Missing Regulation Between Genetic Association and Transcriptional Abundance for Hypercholesterolemia Genes.

Abstract

Background: Low-density lipoprotein cholesterol (LDL-C) is a well-established risk factor for cardiovascular disease, and it plays a causal role in the development of atherosclerosis. Genome-wide association studies (GWASs) have successfully identified hundreds of genetic variants associated with LDL-C. Most of these risk loci fall in non-coding regions of the genome, and it is unclear how these non-coding variants affect circulating lipid levels. One hypothesis is that genetically mediated variation in transcript abundance, detected via the analysis of expressed quantitative trait loci (eQTLs), is key to the biologic function of causal variants. Here, we investigate the hypothesis that non-coding GWAS risk variants affect the homeostatic expression of a nearby putatively causal gene for serum LDL-C levels. Methods: We establish a set of twenty-one expert-curated and validated genes implicated in hypercholesterolemia via dose-dependent pharmacologic modulation in human adults, for which the relevant tissue type has been established. We show that the expression of these LDL-C genes is impacted by eQTLs in relevant tissues and that there are significant genomic-risk loci in LDL-GWAS near these causal genes.
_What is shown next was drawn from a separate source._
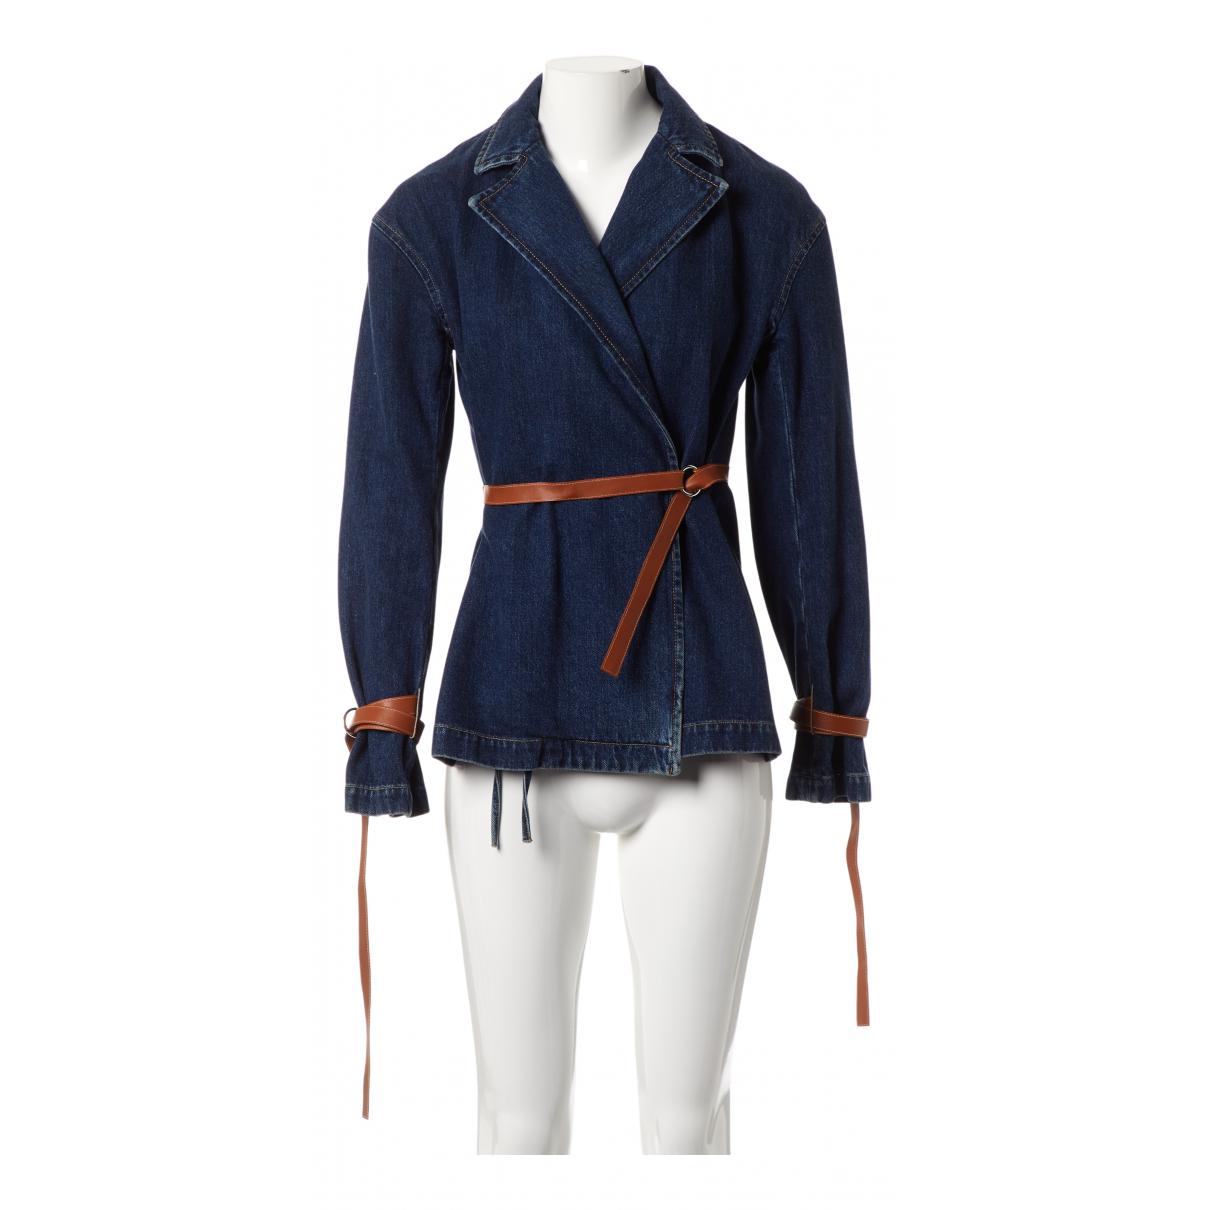 Loewe N Blue Denim - Jeans jacket for Women 36 FR

We evaluate, using statistical colocalization, whether a single variant or set of variants in each genetic locus is responsible for the GWAS and eQTL signals. Results: Genome-wide association study results for serum LDL-C levels demonstrate that the 402 identified genomic-risk loci for LDL-C are highly enriched for known causal genes for LDL-C (OR 527, 95% CI 126-5376, p < 2.2 × 10^-16). However, we find limited evidence for colocalization between GWAS signals near validated hypercholesterolemia genes and eQTLs in relevant tissues (colocalization rate of 26% at a locus-level colocalization probability > 50%). Conclusions: Our results highlight the complexity of genetic regulatory effects for causal hypercholesterolemia genes; we suggest that context-responsive eQTLs may explain the effects of non-coding GWAS hits that do not overlap with standard eQTLs.